A Flexible Indexing System


[Date Prev][Date Next][Thread Prev][Thread Next][Date Index][Thread Index]

Re: Xindy newby intro.



Alan Eugene Davis writes:
 > 
 > First an introduction.  I have been using latex to typeset a lexicon
 > of animal names in Chuukese.  I wanted to be able to specify an
 > arbitrary collating sequence.  With a good bit of help, and over
 > several years of time, I wrote an emacs lisp sort function to sort
 > accoring to a more or less arbitrary sequence.  Xindy now proposes to
 > do what I have had to kludge to do.
 > 
 > I would like to inquire whether the sort functions themselves are
 > accessible and useable outside xindy.  This could be useful as a
 > generalized sort function.  In fact, it would seem more useful in that
 > context.  Xindy would use the same routine as anyone was using to sort
 > this language.  I think it would be a service to native speakers to
 > enable native linguists in Chuuk to tinker, and come up with what
 > looked right.  Or just teachers.  I like my collating sequence for me,
 > but I am not a native speaker.  I did what xindy is doing---make  "a
 > and a equivalent.  (Rather make "a look to the sort program like an
 > a).  I think that gnu sort may be amenable to rewriting, but I am not
 > a C programmer, so I gave up.

Currently the implementation of the sort routines consists of two
parts.

a) C-written stuff, basically implements tables of sort rules for
   efficient lookup. The interface allows 

   - to insert rules (character, string, and regexp) to a table (each
     run is realized with one such table),

   - take a a character sequence and apply all rules stored in a
     particular table and return the rewritten character sequence.

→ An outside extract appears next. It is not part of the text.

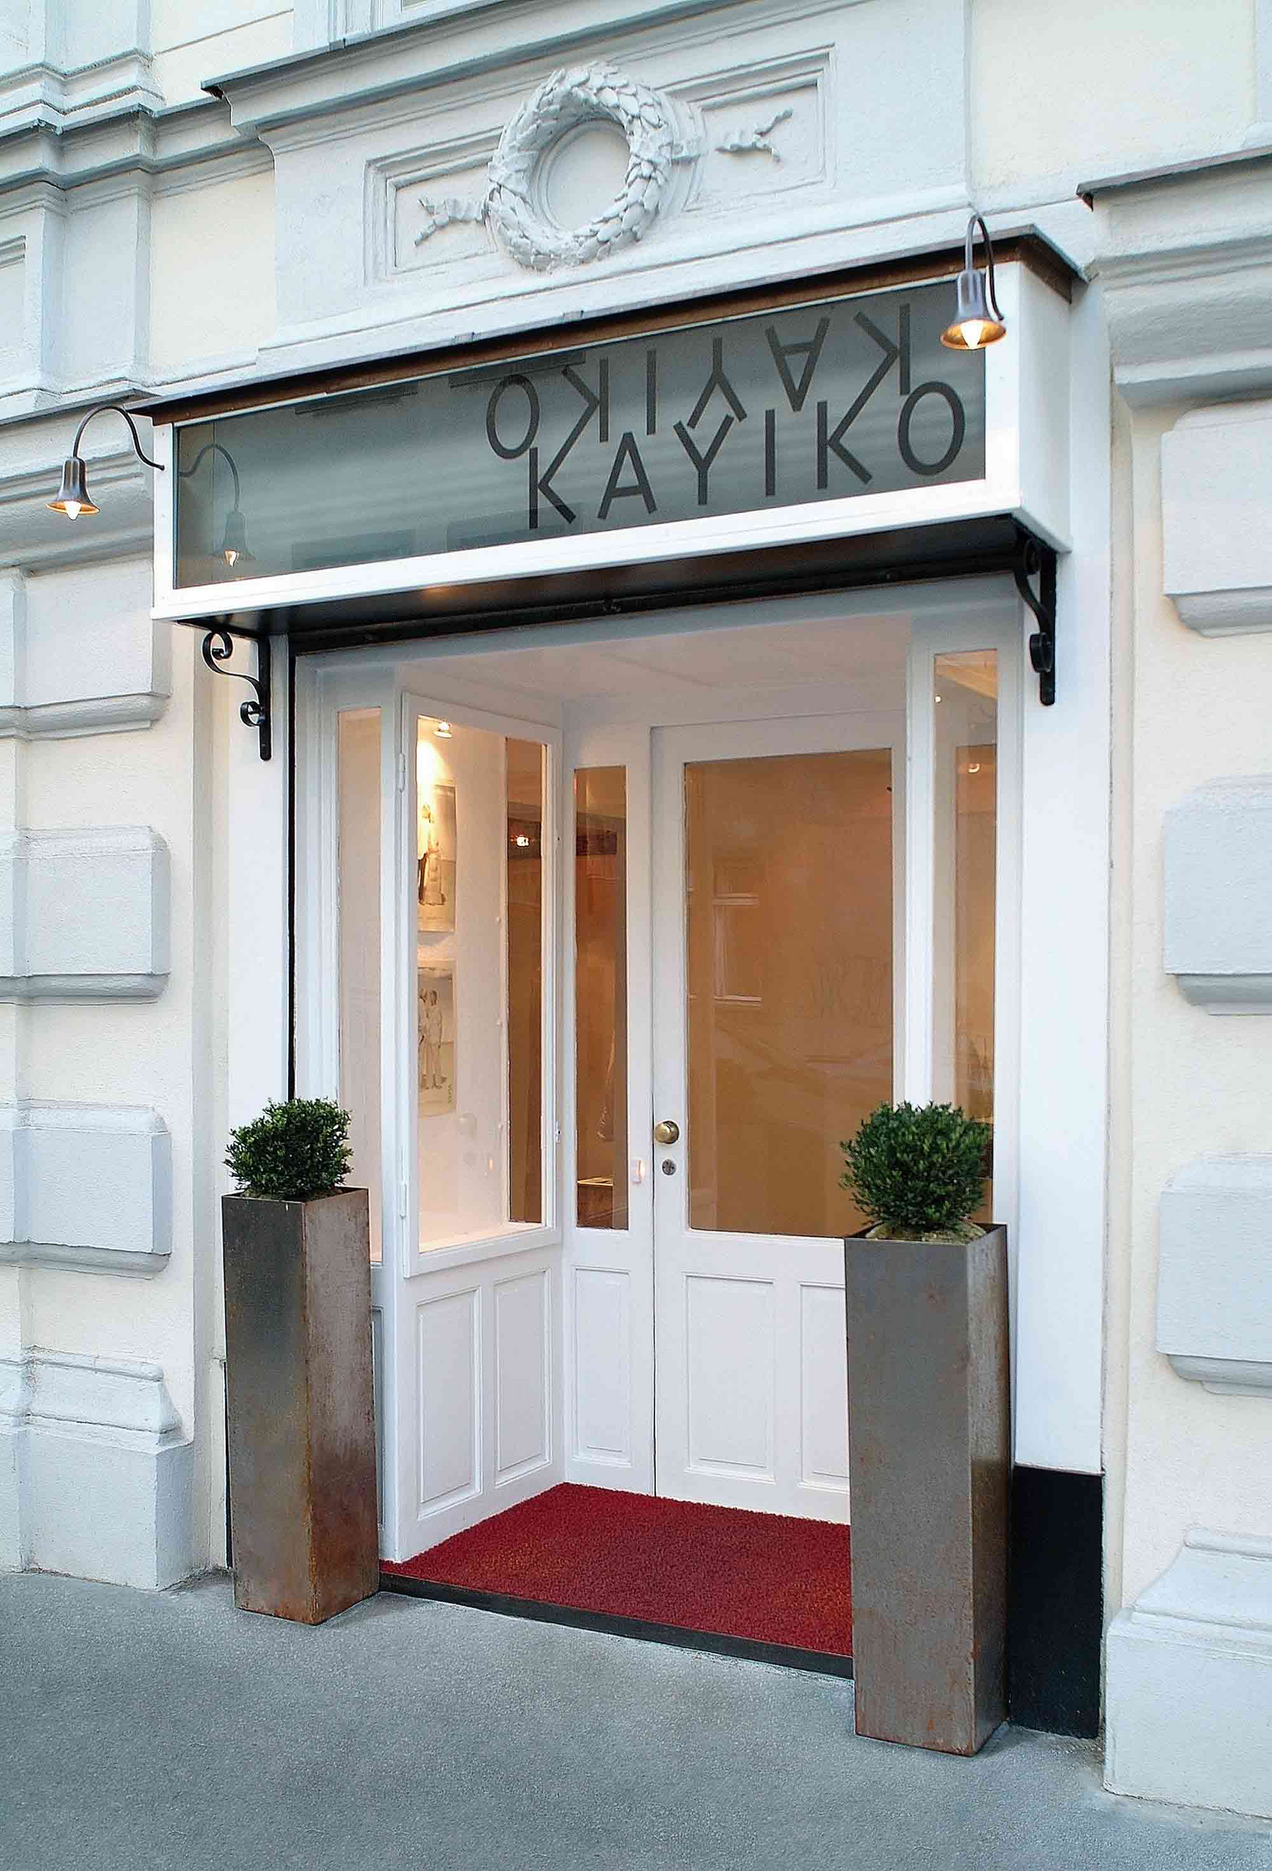 Weiße Fassade des Fashion Stores Kayiko Wien, über dem Türsturz sieht man das Schild KAYIKO

   This is the core part which is specified in the following CLISP
   Foreign Function Interface Definition Language:
     
     (def-c-call-out add-keyword-sort-rule
         (:name "add_sort_rule")
         (:arguments (run int)
     		(left c-string)		
     		(right c-string)	
     		(isreject int)
     		(ruletype int))
         (:return-type int))
     
     (def-c-call-out gen-keyword-sortkey
         (:name "gen_sortkey")
         (:arguments (key c-string)
     		(run int))
         (:return-type c-string :malloc-free))
     
   This part exists as a separate C library (libordrules) with include
   files and all necessary stuff to use it in another environment.
   This should not be a problem at all. Additionally, you need the GNU
   Rx library for the regexp-stuff.

b) The Common Lisp part essentially handles the
   not-so-performance-critical stuff needed to do all other
   management.

Coming back to your question. It should be easy to implement a new
frontend to that library that reads the rules from a file, then a
stream of words from another file and returns all the words in the
rewritten form, just bypassing xindy totally. And adopting GNU sort to
just sort according to this scheme could be worth a try. I haven't
looked at the implementation, yet. 

 > I wrote routines to sort the index in that order then had to
 > reassemble the index.  So I like the potential to do it another way,
 > with xindy, with a few keystrokes of initial set up.  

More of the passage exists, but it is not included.